Divyadarshan D. Purohit from Gurudev Observatory, Vadodara, India sends us this report:
All India Radio (A.I.R.) is the official radio service of the Government of India. You all will be pleased to know that on behalf of the President of India, AIR headquarters based at New Delhi signed a contract with me for six months to telecast/broadcast my talk show on "Research on Radio Waves from Jupiter" (Brihaspati se prapt radio tarango ka adhyayan) in the Indian National Language, Hindi. This will be broadcast from all AIR stations over all of India as well as reach overseas with the help of DTH (direct-to-home broadcasting). To speak on AIR is an achievement for a speaker/researcher in India.
This is an achievement for not only myself but SARA, NASA, my friends William & Melinda Lord, Dr. Victor, Dr. Jim Thieman, my brilliant friends of the Radio JOVE group from all over the world because without their help this would not be possible.

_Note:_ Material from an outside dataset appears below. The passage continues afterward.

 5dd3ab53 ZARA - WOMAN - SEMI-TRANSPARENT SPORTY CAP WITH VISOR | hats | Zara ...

The Jovian Io-C event of December 1 2009 was observed by Radio JOVE participants John Avellone (Central Virginia), a student he mentors at Thomas Jefferson High School for Science and Technology (Northern Virginia), and Wesley Greenman (Northern Florida).

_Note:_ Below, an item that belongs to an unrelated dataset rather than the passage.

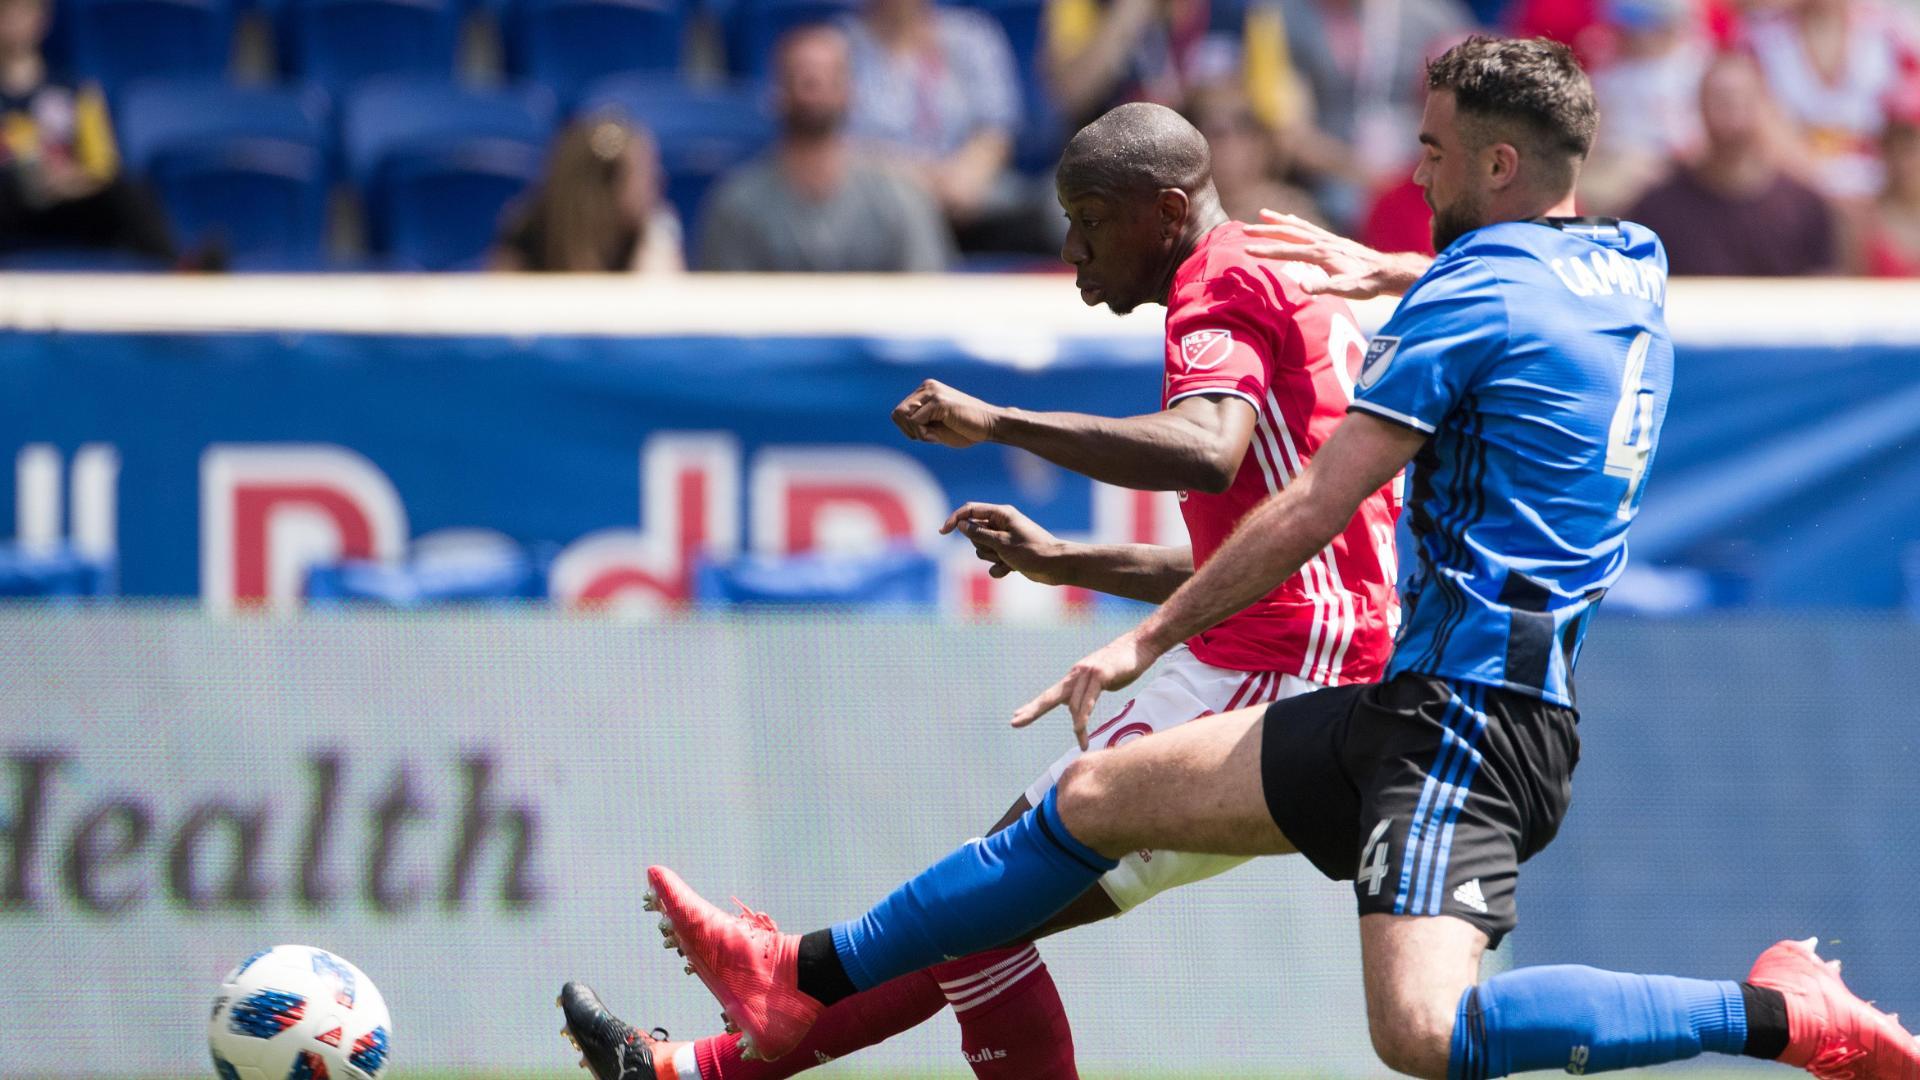 New York 3-1 Montreal: Red Bulls bounce back - Via MLS

We analyzed the STEREO Observatories WAVES instrument Daily Summary Spectrum for December 1 2009, and noted the Io-C event, recorded in the 3 to 16 MHz band.
The STEREO Ahead or "A" spacecraft spectrum (upper) is inverted to compare to the STEREO Behind or "B" spacecraft (lower). The upper frequency limit of both is 16 MHz. See also the full STEREO/WAVES Daily Spectrogram Plot.
We have found that the STEREO/WAVES data increases our knowledge of Jovian and Solar radio emission, by providing information gathered at frequencies and locations very different from those traditionally collected in the Radio JOVE Project.
We express our appreciation to the STEREO/WAVES instrument Team.
Jim Thieman and Leonard Garcia of the Radio JOVE project were interviewed by Kenneth Silberman of NASA for a podcast describing how the blind or visually impaired can participate in Radio JOVE. Posted on February 3, 2010 at http://www.blindcooltech.com/, the website provides information on technology applications for people who are blind or visually impaired.
Jim Sky of Radio Sky Publishing has developed a set of software designed to be accessible to those with visual impairments. These software are available for free download from the Radio-Sky Sonification Tools page.
The 2010 Jupiter observing season is under way. The season has no official beginning, but the generally accepted begin data is May 21, 2010. Why? Well, as Earth and Jupiter orbit the Sun, Jupiter will move behind the Sun about every 13 months, called a conjunction. This occurred on Feb. 28, 2010. Thus the conditions for observing Jupiter are poor for about two months on each side of this date. The 2010 Jupiter opposition date is September 21 and that is the best date to observe Jupiter because it is ‘up all night’. The Jupiter observing season will run from May 21, 2010 through January 21, 2011.
However, as many of you know, we have talented observers who are detecting Jupiter emissions during the daytime and even closer to the conjunction date. Keep up the good work and let’s hope for an active Jupiter radio ‘season’. For those who are more interested in our nearest star, we hope that the Sun will get more active this year.
I wish upon all of you interference-free skies!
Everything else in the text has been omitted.